▸ How to complete this task:
Each line from the one containing "TL6032 |USB 3.0, Horiziontal" to the last line of the listing below must be reproduced exactly, and nothing more.

▸ Given records:
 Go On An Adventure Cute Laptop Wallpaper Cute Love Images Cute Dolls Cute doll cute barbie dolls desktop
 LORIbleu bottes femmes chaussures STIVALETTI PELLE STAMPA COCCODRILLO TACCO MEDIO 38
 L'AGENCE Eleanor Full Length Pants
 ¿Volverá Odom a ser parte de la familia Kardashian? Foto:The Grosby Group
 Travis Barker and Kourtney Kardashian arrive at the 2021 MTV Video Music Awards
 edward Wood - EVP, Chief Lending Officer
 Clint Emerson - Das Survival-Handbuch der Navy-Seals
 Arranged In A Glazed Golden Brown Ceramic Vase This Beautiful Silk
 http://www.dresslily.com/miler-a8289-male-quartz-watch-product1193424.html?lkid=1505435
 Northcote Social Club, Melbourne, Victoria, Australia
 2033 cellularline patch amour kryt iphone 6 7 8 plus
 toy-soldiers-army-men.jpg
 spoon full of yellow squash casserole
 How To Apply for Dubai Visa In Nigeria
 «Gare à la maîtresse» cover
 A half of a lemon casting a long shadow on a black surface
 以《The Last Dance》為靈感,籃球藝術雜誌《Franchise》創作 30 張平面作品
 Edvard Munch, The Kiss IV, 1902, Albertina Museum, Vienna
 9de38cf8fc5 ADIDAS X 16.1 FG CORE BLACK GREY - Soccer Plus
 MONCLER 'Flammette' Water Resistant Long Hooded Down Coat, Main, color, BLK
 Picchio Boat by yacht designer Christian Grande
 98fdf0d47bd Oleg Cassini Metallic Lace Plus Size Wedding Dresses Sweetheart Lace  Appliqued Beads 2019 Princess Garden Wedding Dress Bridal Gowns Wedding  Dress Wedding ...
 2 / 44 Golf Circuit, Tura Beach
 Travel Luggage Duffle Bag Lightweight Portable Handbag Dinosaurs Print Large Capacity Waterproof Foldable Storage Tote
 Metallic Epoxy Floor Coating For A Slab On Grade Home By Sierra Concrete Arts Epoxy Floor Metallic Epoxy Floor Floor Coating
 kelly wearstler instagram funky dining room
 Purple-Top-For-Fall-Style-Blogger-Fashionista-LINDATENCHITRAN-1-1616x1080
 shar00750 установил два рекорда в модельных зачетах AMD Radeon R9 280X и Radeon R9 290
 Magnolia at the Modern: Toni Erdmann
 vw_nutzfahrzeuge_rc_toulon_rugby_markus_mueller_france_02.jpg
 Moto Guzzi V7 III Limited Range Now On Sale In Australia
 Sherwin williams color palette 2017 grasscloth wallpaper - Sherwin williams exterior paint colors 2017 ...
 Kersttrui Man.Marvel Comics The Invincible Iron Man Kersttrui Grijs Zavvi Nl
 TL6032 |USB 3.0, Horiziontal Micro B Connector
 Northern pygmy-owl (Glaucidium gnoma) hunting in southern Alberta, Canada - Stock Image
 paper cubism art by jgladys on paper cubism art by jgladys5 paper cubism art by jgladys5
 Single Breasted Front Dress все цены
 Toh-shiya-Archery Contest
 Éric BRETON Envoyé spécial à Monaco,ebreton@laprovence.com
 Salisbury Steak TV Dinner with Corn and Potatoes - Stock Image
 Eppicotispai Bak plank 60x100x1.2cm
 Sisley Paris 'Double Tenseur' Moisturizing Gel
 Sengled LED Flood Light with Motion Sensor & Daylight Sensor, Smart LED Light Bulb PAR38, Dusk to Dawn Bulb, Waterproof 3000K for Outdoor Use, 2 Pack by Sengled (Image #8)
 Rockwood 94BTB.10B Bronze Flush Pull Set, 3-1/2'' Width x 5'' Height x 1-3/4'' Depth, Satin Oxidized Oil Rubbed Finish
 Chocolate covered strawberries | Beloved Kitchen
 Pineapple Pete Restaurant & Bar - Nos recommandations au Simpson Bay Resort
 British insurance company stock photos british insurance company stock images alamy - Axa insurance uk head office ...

▸ Exercise solution:
 TL6032 |USB 3.0, Horiziontal Micro B Connector
 Northern pygmy-owl (Glaucidium gnoma) hunting in southern Alberta, Canada - Stock Image
 paper cubism art by jgladys on paper cubism art by jgladys5 paper cubism art by jgladys5
 Single Breasted Front Dress все цены
 Toh-shiya-Archery Contest
 Éric BRETON Envoyé spécial à Monaco,ebreton@laprovence.com
 Salisbury Steak TV Dinner with Corn and Potatoes - Stock Image
 Eppicotispai Bak plank 60x100x1.2cm
 Sisley Paris 'Double Tenseur' Moisturizing Gel
 Sengled LED Flood Light with Motion Sensor & Daylight Sensor, Smart LED Light Bulb PAR38, Dusk to Dawn Bulb, Waterproof 3000K for Outdoor Use, 2 Pack by Sengled (Image #8)
 Rockwood 94BTB.10B Bronze Flush Pull Set, 3-1/2'' Width x 5'' Height x 1-3/4'' Depth, Satin Oxidized Oil Rubbed Finish
 Chocolate covered strawberries | Beloved Kitchen
 Pineapple Pete Restaurant & Bar - Nos recommandations au Simpson Bay Resort
 British insurance company stock photos british insurance company stock images alamy - Axa insurance uk head office ...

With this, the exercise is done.